Several of the fratty podcasts that sit at the edges of the zynternet, not necessarily podcasts produced by sports media outlets, but appealing to a similar audience, have honed in on this strategy of blue jokes and hot women by regularly asking OnlyFans creators and sex workers to appear as guests. 

But, given the zynternet’s small-C conservative leanings, these episodes tend to be openly misogynistic and antagonistic towards those guests. In this way, the podcast gets to feature a titillating image of a woman in their thumbnail, while still ‘putting her in her place’ in the episode. A recent explosive example of this saw Only Fans creator Rebecca Goodwin walk out of an interview on the Reality Check Show after the all-male hosts instantly demanded she explain how her job contributes to society. According to Goodwin, the hosts asked her to “wear something slutty” for her appearance on the show. 

“Away from porn sites, fratty podcasts are becoming increasingly more hostile, as clips with more emotionally fraught interviews tend to perform better across social media.”

“A lot of the time when people are outwardly hateful towards another type of people, that's the kind of porn and content they like to consume at home in secret,” explains Reed Amber, intimacy coordinator and sex worker advocate. “So I imagine going on a bro podcast like this actually is pretty good for a lot of these sex workers financially.” The porn fauxcasts then, fulfil the ultimate fantasy of these fratty podcasts; in the minds of the audience, the guest agrees to the appearance for money, which entitles the hosts (and by proxy, them) to not only mock her but also to see her perform. 

Given that 28% of young people said they learn about sex from porn, how do trends and specifically, algorithmically-driven porn trends, impact our sexuality? “Porn, and the way it's produced, can steer people in a direction that may be unexpected for their sexuality,” explains Laura Clarke, an award-winning sex and gender educator, pointing out how many straight women prefer to watch lesbian porn, as it tends to focus on women’s pleasure in a way straight porn doesn’t. 

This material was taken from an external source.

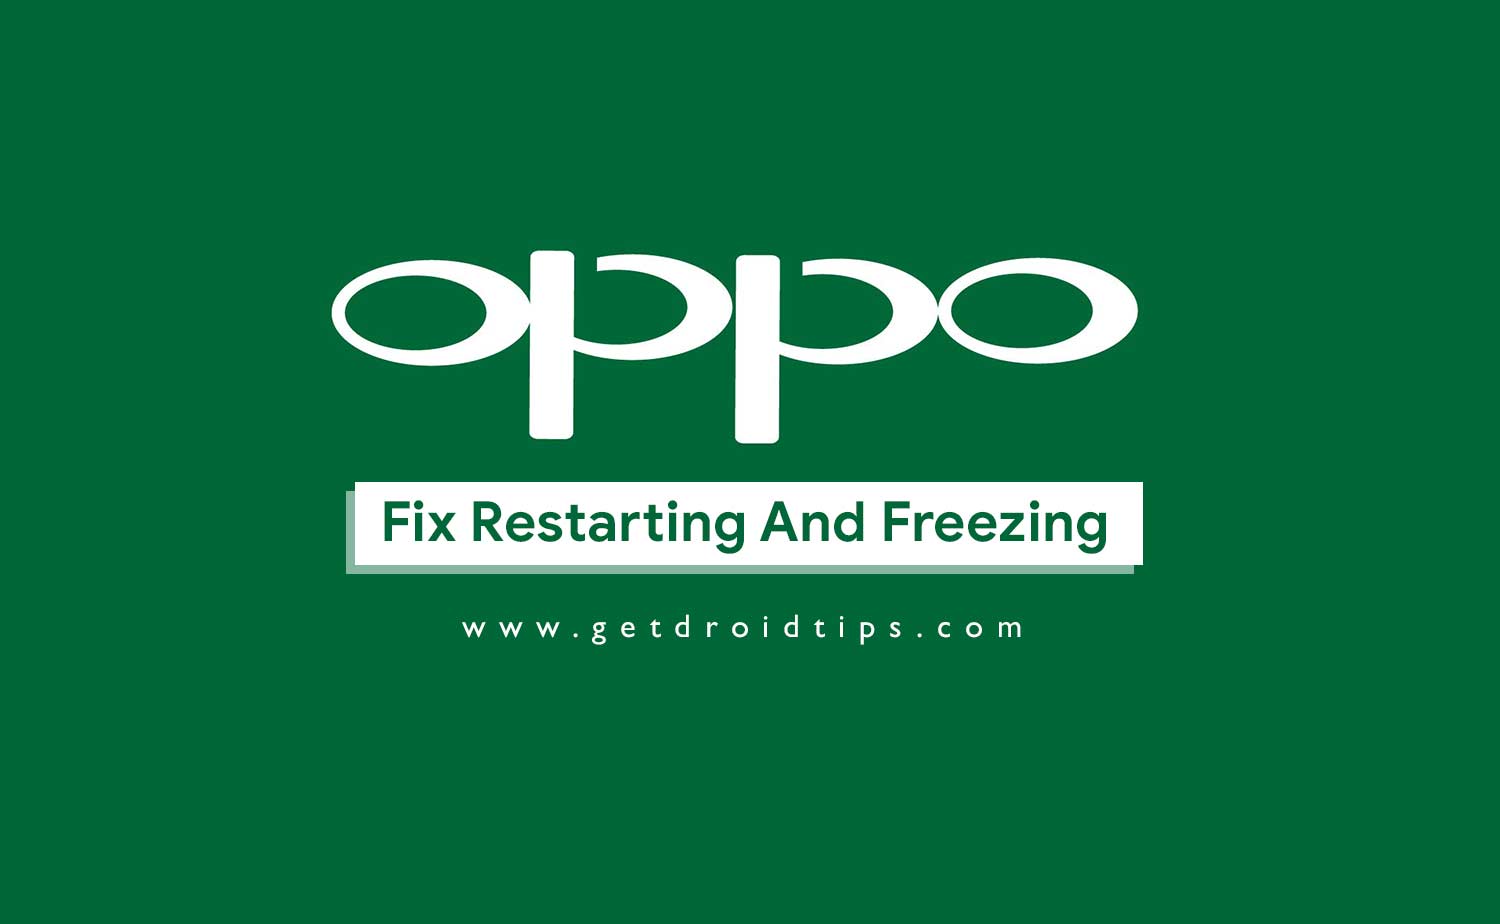 How To Fix OPPO Restarting And Freezing Problem?

As with recommendation algorithms that push increasingly extreme political content, porn sites may recommend increasingly more hardcore versions of whatever situation they started watching. “Someone interested in spanking might simply be looking for a video of somebody being spanked with a hand, but the recommended videos alongside this may feature spanking by paddles, flogs or whips,” notes Laura. “Many people who also get off on porn that is considered more ‘taboo’ might find that, the more they watch this type of porn, the novelty wears off and they need to progress to something more hardcore to satisfy their needs.”

While it’s hard to imagine how porn fauxcasts as a concept could become more extreme (unless they start claiming to be filming two podcasts at once), the acts within them could. Despite the moral panic it caused, the step-sibling porn trend of a few years ago was not driven by a sudden, societal-wide interest in incest, but by recommendation algorithms that could not differentiate between someone clicking a video because they were interested in the set up, or the acts within it. (Perdue also points out that like podcast porn, step-family scenarios are easy for writers as “you can cast a bunch of people, you don't have to worry about costumes. It's efficient.”). Away from porn sites, fratty podcasts are becoming increasingly more hostile, as clips with more emotionally fraught interviews tend to perform better across social media.  There’s nothing inherently wrong with enjoying hardcore or BDSM content, but we must continue to question the role (blackboxed) algorithms are playing in influencing our sexual tastes and the overall landscape of the internet. 

The impact that digital culture and algorithms have on our understanding of our lives is a hot topic at the moment, but the discussion is still mostly focused on politics and identity. The role digital culture plays in our understanding of sexuality is still fairly under-discussed, but as Perdue points out, this is not a new phenomenon. “Pornography is digital culture,” she says, adding: “Porn built the internet and most of the technologies and systems we use to interact with it- so nearly every element of digital culture has roots in pornography.”